Liz and Lou were in a well-known department store in the middle of town. Lou had dragged her there to get the dress he reckoned she needed.

“Let me get this straight,” she said. “I’ve won an award?”

He plucked a dress from a rack and studied it. He held it against her to see how it might look on her. “Betty, Betty Betty.”

“Don’t call me Betty.”

“Even your own mother wouldn’t give you an award,” he said, “So, what’re the chances anyone else would?”

“So if I’m not getting an award, why am I going to an awards ceremony?”

“Because, I’m going to win an award.”

“You?” she said.

“It’s exciting times for me, Betty. Awards ceremony tonight, having a meeting with The Minister tomorrow…”

“How the hell could you win an award? All you do is sit around all day, reading comics and going on about Jason and the Argonauts.”

He plucked another dress from the rack. “Professor Horton,” he said. “You heard of him?”

“No.”

“Me neither. It seems he was some nuclear scientist or something. It also seems he was due to win the lifetime achievement award for being Sheffield’s most iconic living man. Only trouble is, now he can't.”

“Why?”

“Because he’s not living. He popped his clogs yesterday afternoon. So that‘s the organisers in trouble. Fortunately they had a brainwave; ‘If we can‘t give it to him, we’ll give it to the man who keeps the streets of this country safe from the forces of darkness.’”

“And who’s that?”

“Me.”

“Excuse me but how’s that you?
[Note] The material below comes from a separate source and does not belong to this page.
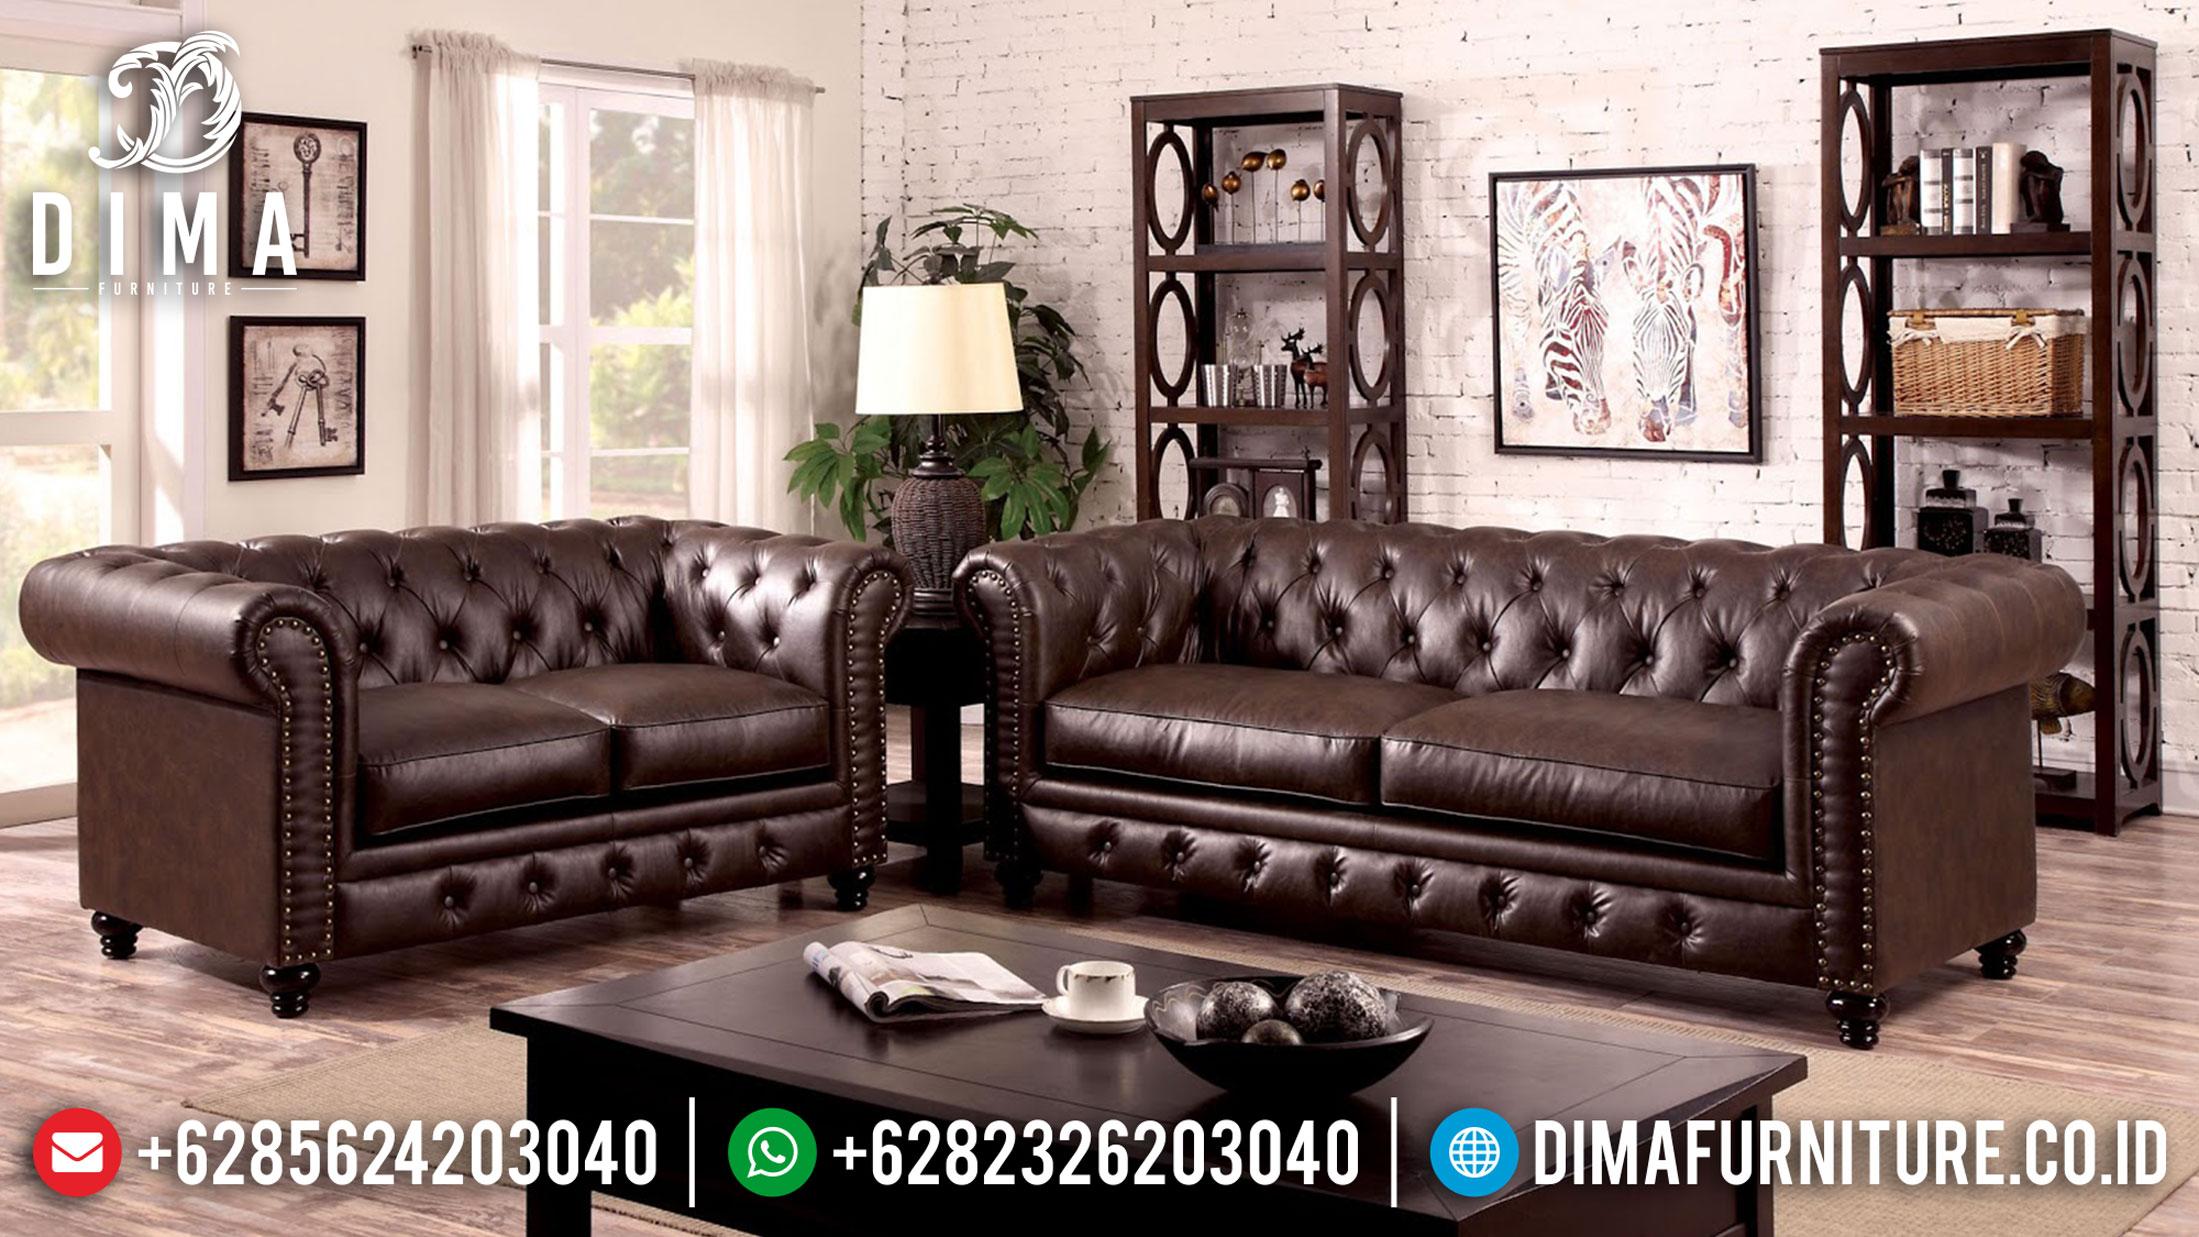 Model Sofa Tamu Minimalis Chesterfield New Oscar Leather Natural Jati TTJ-1202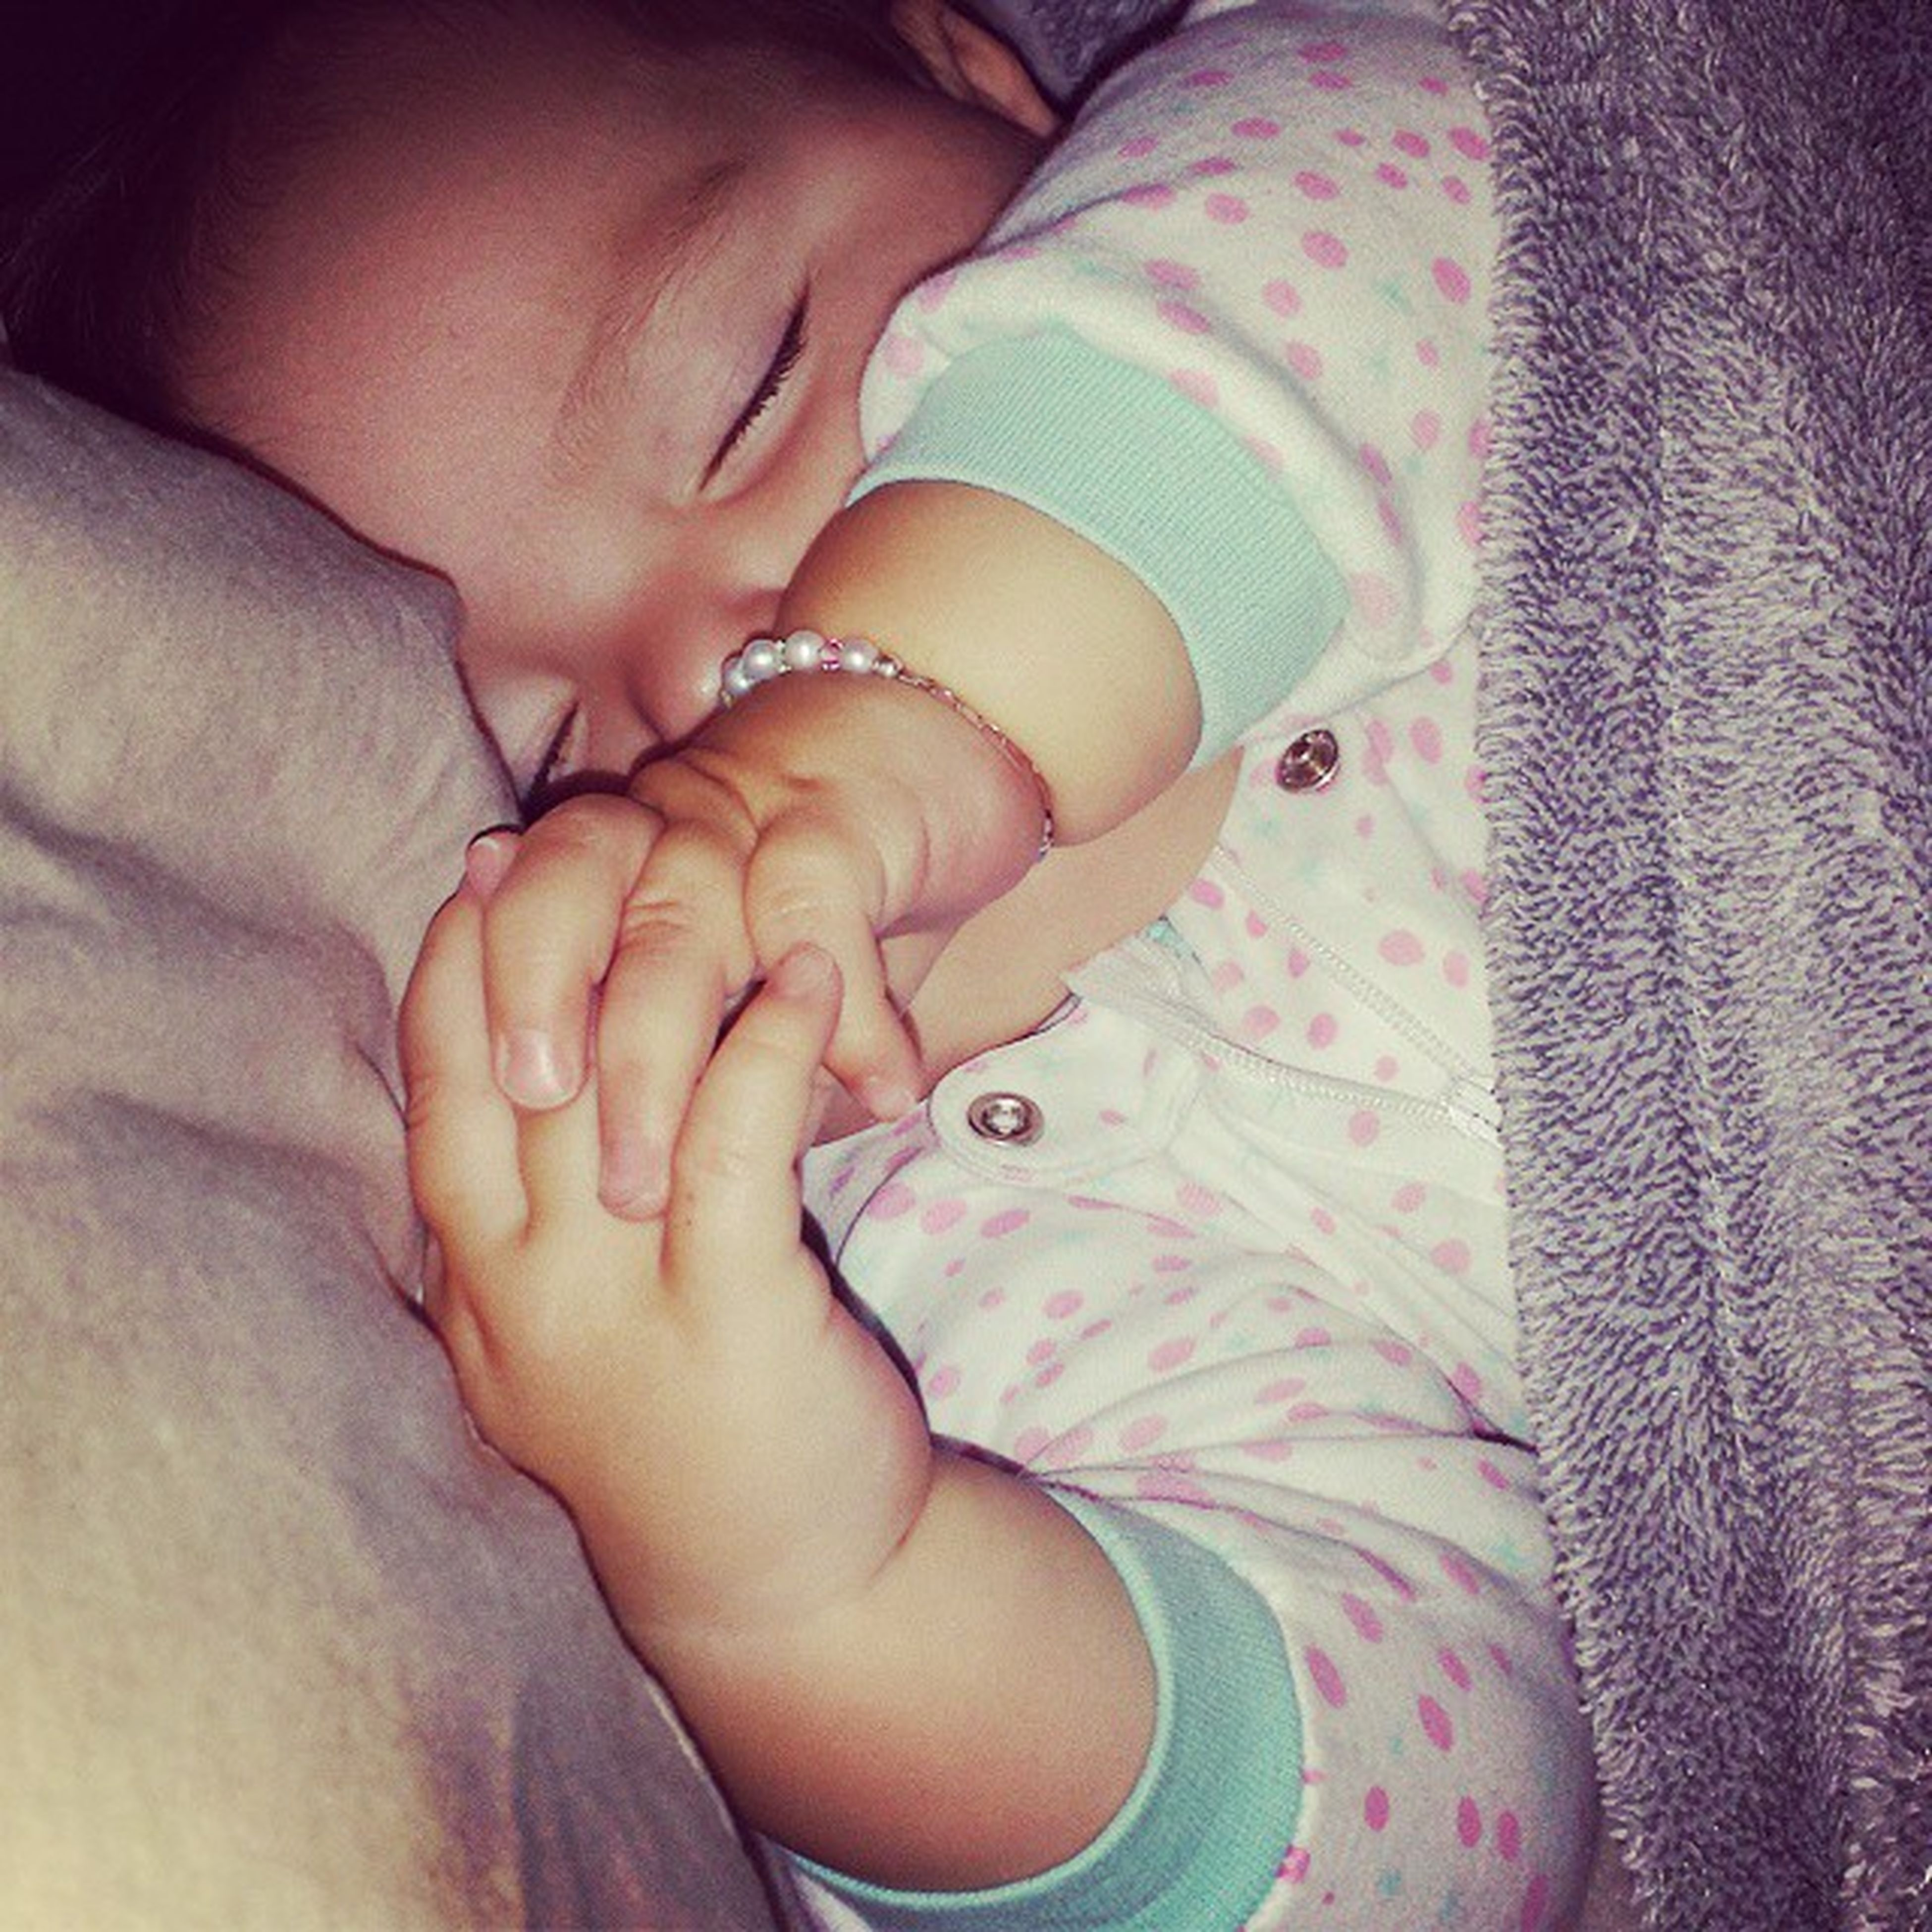 Sleeping baby Prayingbaby Gods miraclesInnocence

You’re just a pen-pusher. You spend all your time in an office. It’s me and Alison who go out there and put our lives in danger.”

“That’s what I told ’em. I said, ‘Don’t give it to me. Give it to my plucky underling Betty. If she dies delivering her acceptance speech jokes, it doesn’t matter because she has her own coffin.’ They said, ‘Lou, we’d love to but we can’t. No one likes her.’”

She likes me.” Liz pointed across at Alison.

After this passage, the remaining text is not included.